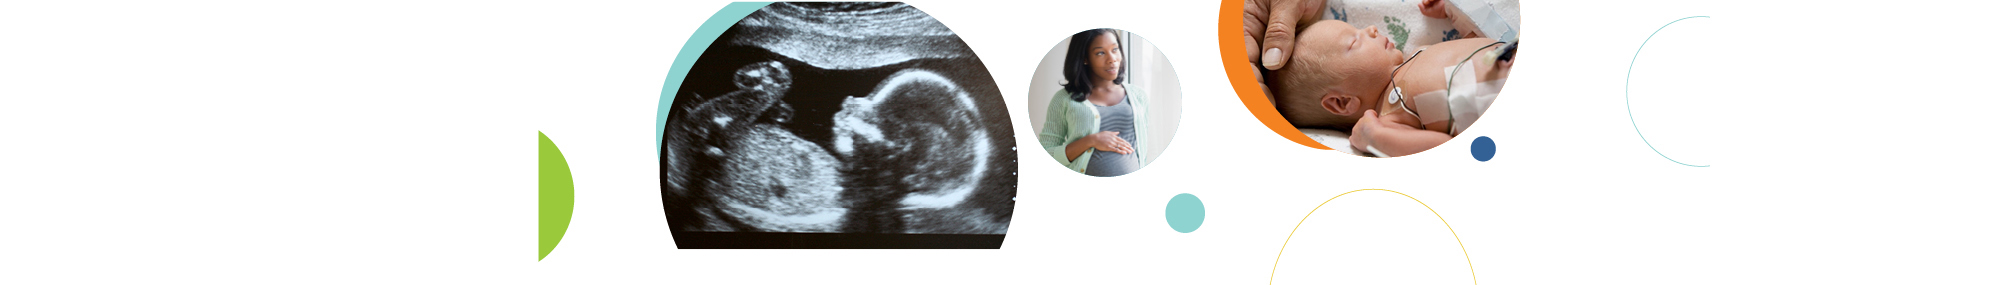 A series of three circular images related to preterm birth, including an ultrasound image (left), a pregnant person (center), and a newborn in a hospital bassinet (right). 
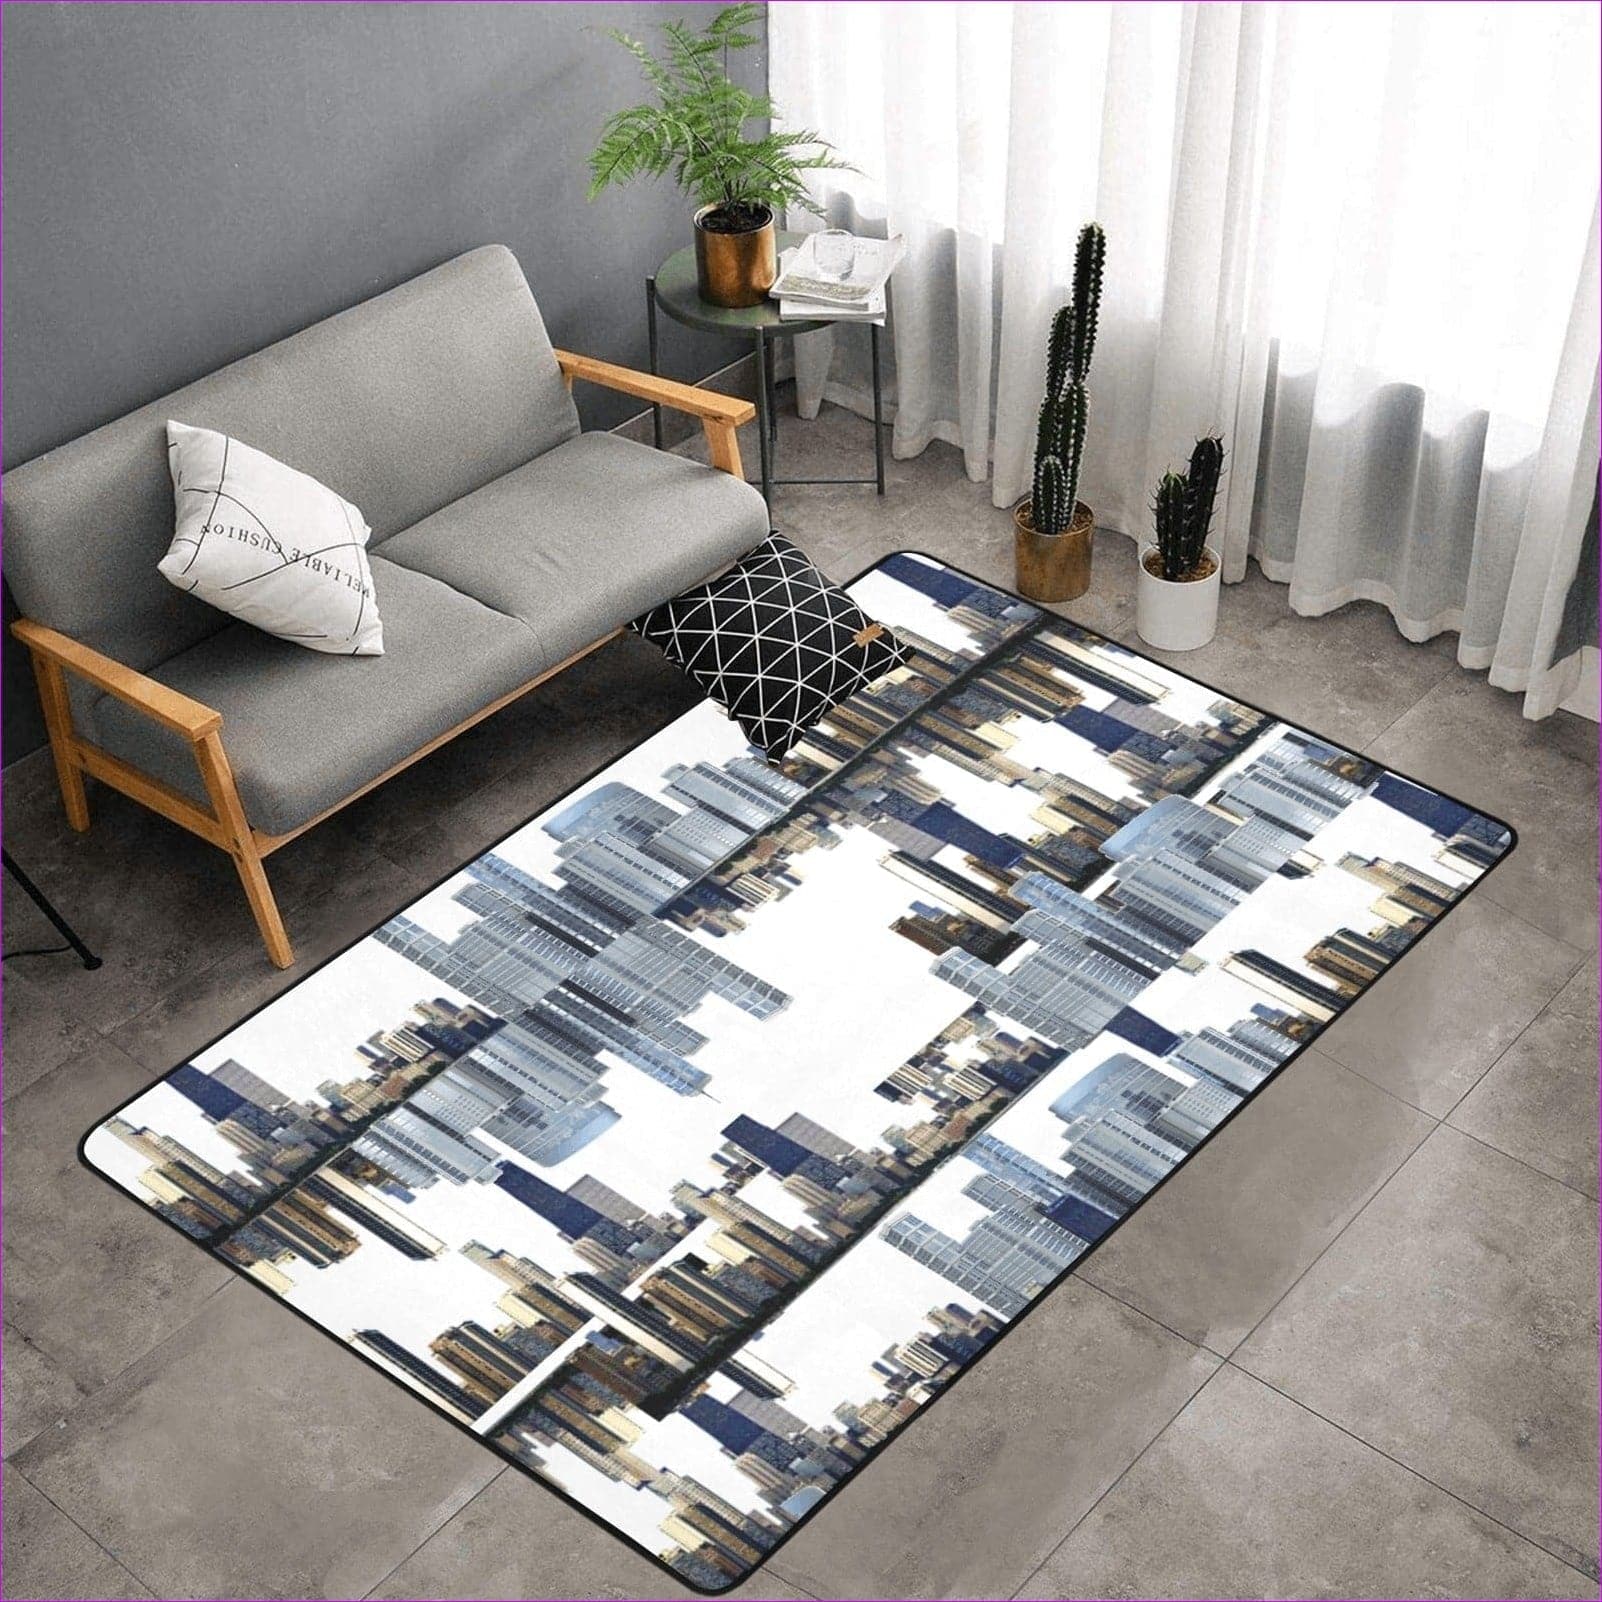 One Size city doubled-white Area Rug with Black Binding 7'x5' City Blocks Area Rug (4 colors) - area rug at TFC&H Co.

========================================

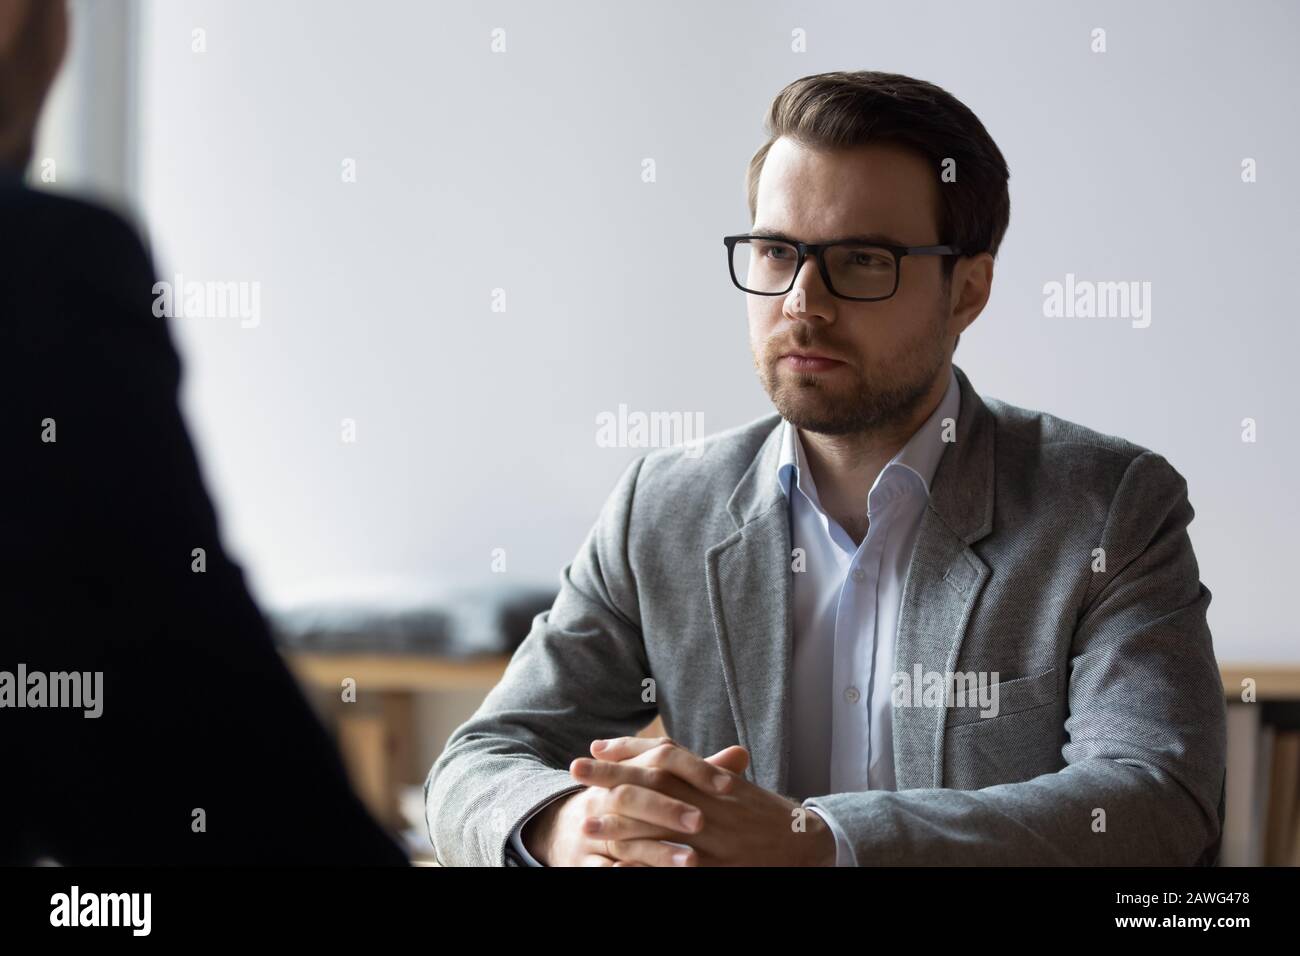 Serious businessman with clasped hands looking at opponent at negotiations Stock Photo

========================================

◆ What to produce: Everything above from the line with "A series of" through the line with "One Size city" should be retyped exactly, and nothing else; omit pictures.

◆ Solution to this task:
 A series of three circular images related to preterm birth, including an ultrasound image (left), a pregnant person (center), and a newborn in a hospital bassinet (right). 
 One Size city doubled-white Area Rug with Black Binding 7'x5' City Blocks Area Rug (4 colors) - area rug at TFC&H Co.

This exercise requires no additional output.